Sunday, 07 February 2016

Fury at Ulverston arson 'let off'

THEY say to err is human, but to forgive is divine.

However, some Ulverston residents maintain the four young girls who burned down a piece of playground equipment in July got off far too lightly.

Revelations last week the girls – two aged 12 and two aged 13 – had been issued only a warning after they caused £8,500 damage to the Croftlands play area has divided the Ulverston community.

The founders of Croftlands Castle Community Project were quick to pardon the culprits, saying it was “a silly mistake”, “not malicious” and the girls needed the community to “be supporting them”.

But lifelong Ulverston residents and Croftlands Community Association member Thora Wadsworth, 79, said she and plenty of others were not so quick to absolve the girls of either their guilt or their responsibilities.

“It isn’t a matter of forgiving the girls at all – they did what they did,” she said. “But I think they intended to do it.
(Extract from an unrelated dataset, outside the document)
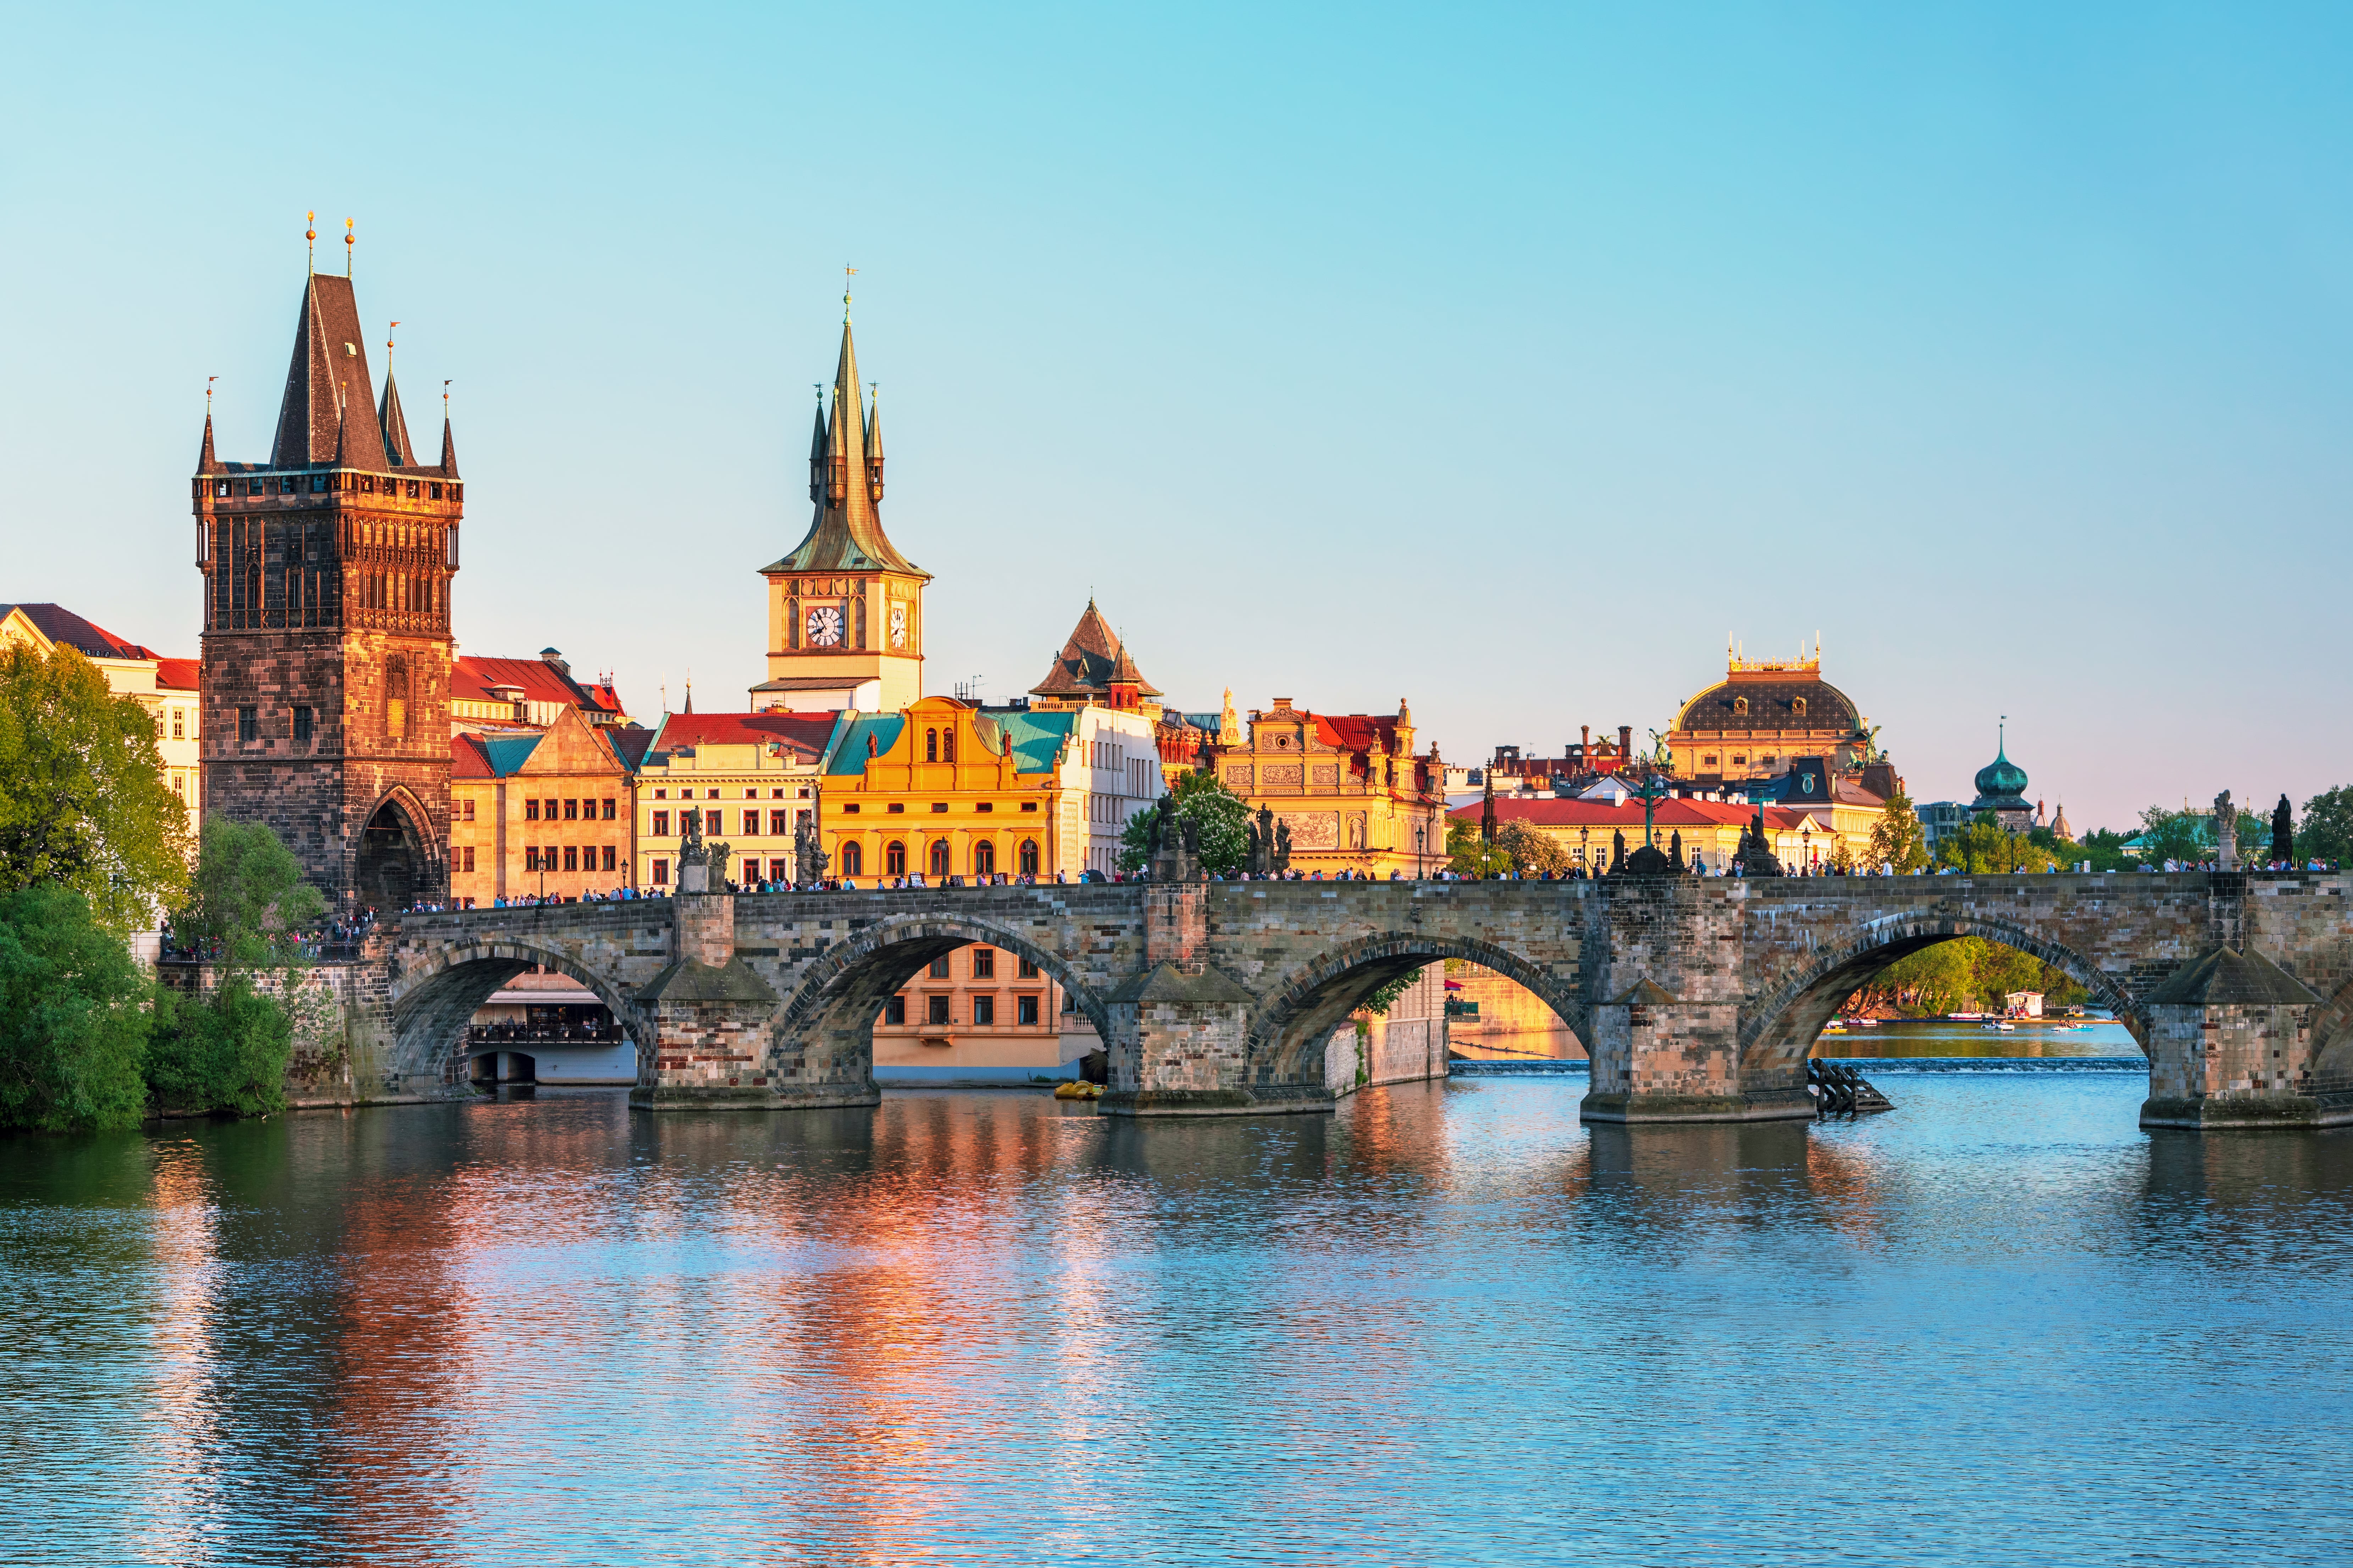 Picture of the Charles Bridge over the river Vltava in Prague at Sunset

It wasn’t a mistake, it didn’t get out of control. I think the children should have to do some sort of work, even if it’s only litter picking or something like that.”

Ms Wadsworth said over the years it had become apparent that more and more children – of increasingly young ages – were wandering around after dark and getting into mischief.

Her view – and one that was echoed numerous times on the Evening Mail’s website over the weekend – is the only way to curb this behaviour and protect community assets was to force parents to be more responsible.

“Did the girls’ parents know they were out in the middle of the night?” she said. “I wonder if they are going to contribute to repairing the damage that was done?”

But Ulverston deputy mayor, Councillor Judy Pickthall, said a police caution, which will go on the girls’ records, was a very strong message.

She said: “I personally feel a caution is serious business and both the girls and their parents should feel the repercussions of it. I understand the group that has been working to raise money to replace this have looked at it and thought the caution was entirely appropriate. I’m afraid throwing the book at them is not going to stop this kind of thing happening (in the future).”

Fellow Ulverston councillor and former policeman, Councillor Norman Bishop-Rowe, said: “Because they’re under 14, they’re deemed to be under the age of criminal responsibility and it’s only in exceptional circumstances things go straight to court.”

The community project has raised about £5,400 of the targeted £12,000 to rebuild the facility.